The prompt accepts a patient per line, so on a different terminal, remove all new lines from one of your synthetic patients using the command below and paste the patient on the Kafka prompt:

tr -d '\r?\n' < patient.json > patient-single-line.json

If you don’t have Docker installed, you can also post the patient using the pattern’s REST API by running the following command:

curl -X POST -d @patient.json http://{nifi-external-ip}:7001/fhirResource

After posting the patient either through Kafka or via HTTP, the patient will eventually be persisted in the FHIR server. From the list of services, grab the external IP for the service called ingestion-fhir. This will be the address of your FHIR server.

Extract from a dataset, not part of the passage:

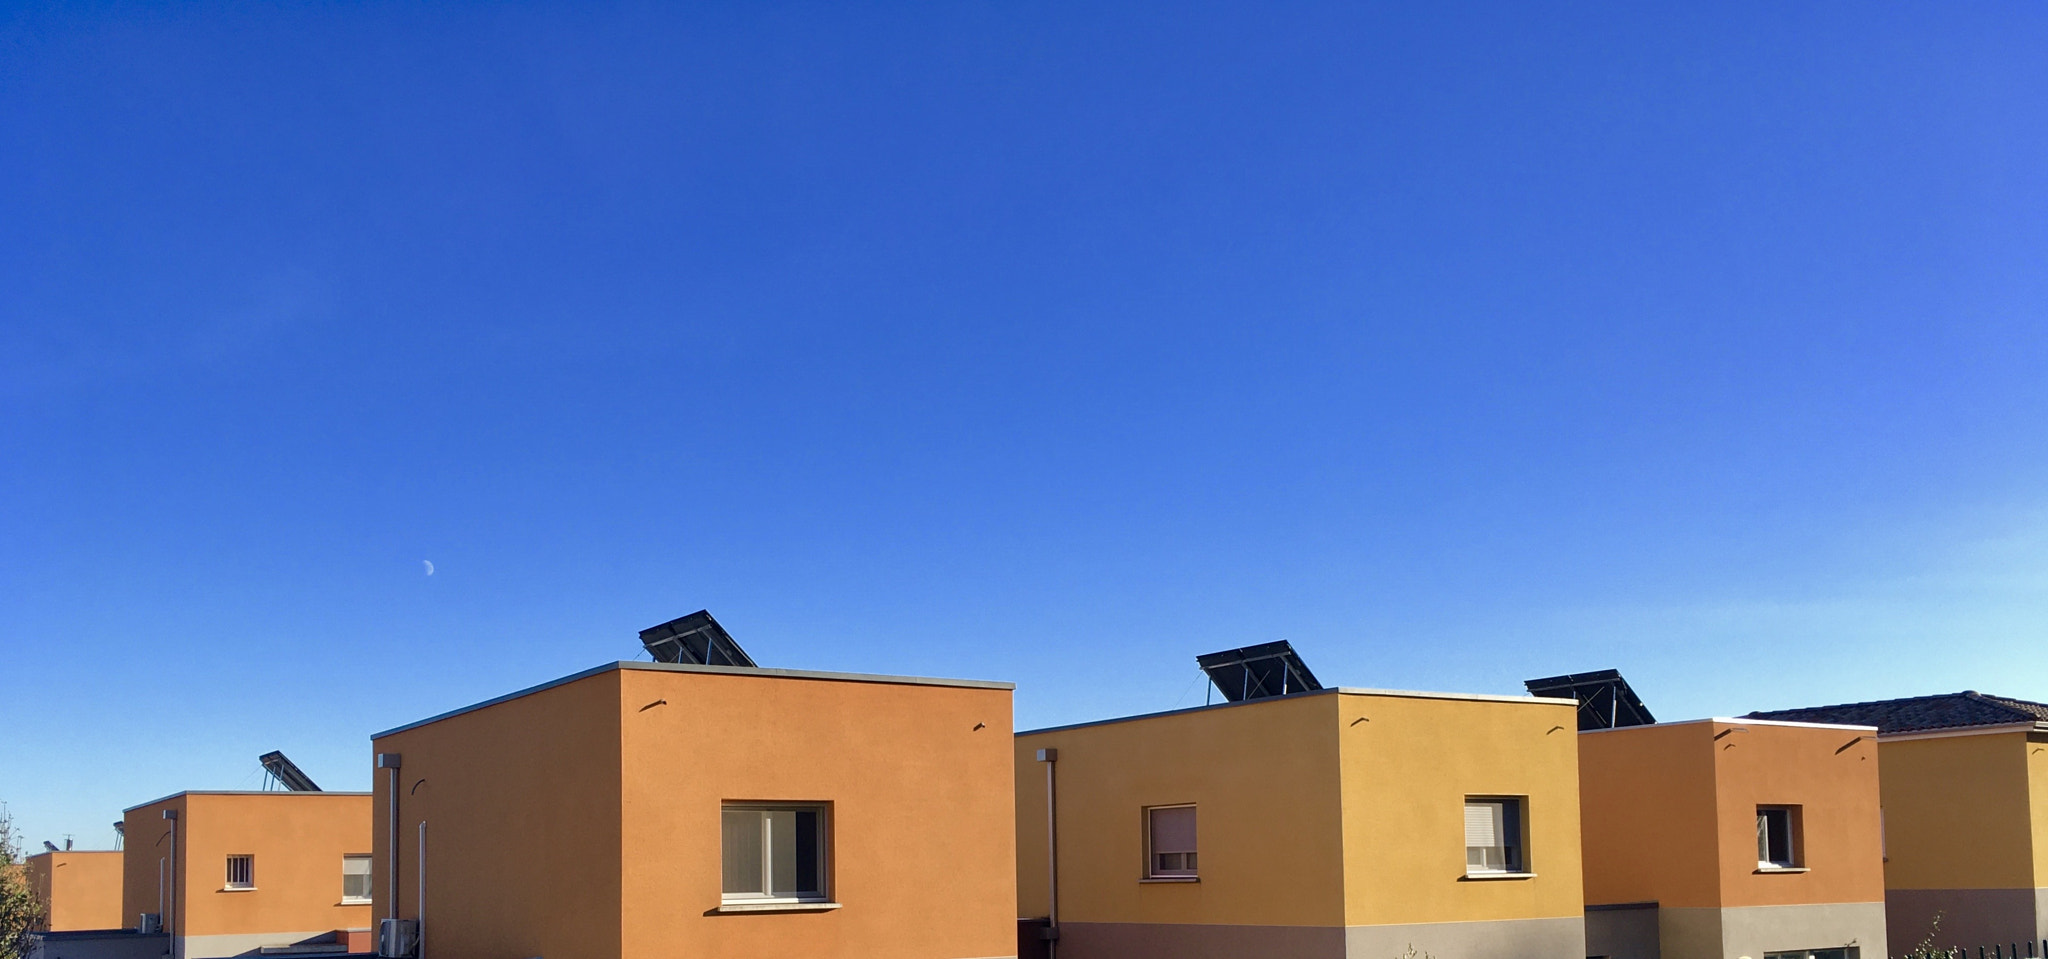 Orange houses against blue sky

You can then query the list of FHIR resources using your browser or an HTTP client. For instance, for querying patients you would do: http://{fhir-external-ip}:80/fhir-server/api/v4/Patient?_format=json (default credentials: fhiruser/integrati0n)

FHIR Screen Shot

Finally, from the list of services grab the external IP for the service called ingestion-grafana. This will be the address of your Grafana server. With it, navigate to http://{grafana-external-ip} (default credentials admin/admin).

Grafana Screen Shot

Conclusion

The Alvearie Clinical Ingestion Pattern is not currently meant to be ready for production use out of the box, it is more of an implementation of a Reference Design, that can evolve into a reference implementation for production use. Still, an effective pattern for efficient clinical data ingestion enables advanced analytics and opens the door to a number of important healthcare use cases, including:

  • Evaluating and improving the quality of care in patient populations
  • Analyzing quality measures against federal regulations and guidelines
  • Accelerating time-to-insight from data that supports clinical decision-making, pharmaceutical research, and more

The Alvearie Clinical Ingestion Pattern is fully open source and it’s built using open source technology, including the corresponding Helm charts needed to put it together and deploy it. Each of the subcomponents that comprise the pattern can be modified using the corresponding Helm deployment properties in order to meet the persistence, availability, scalability and security requirements of a production grade deployment.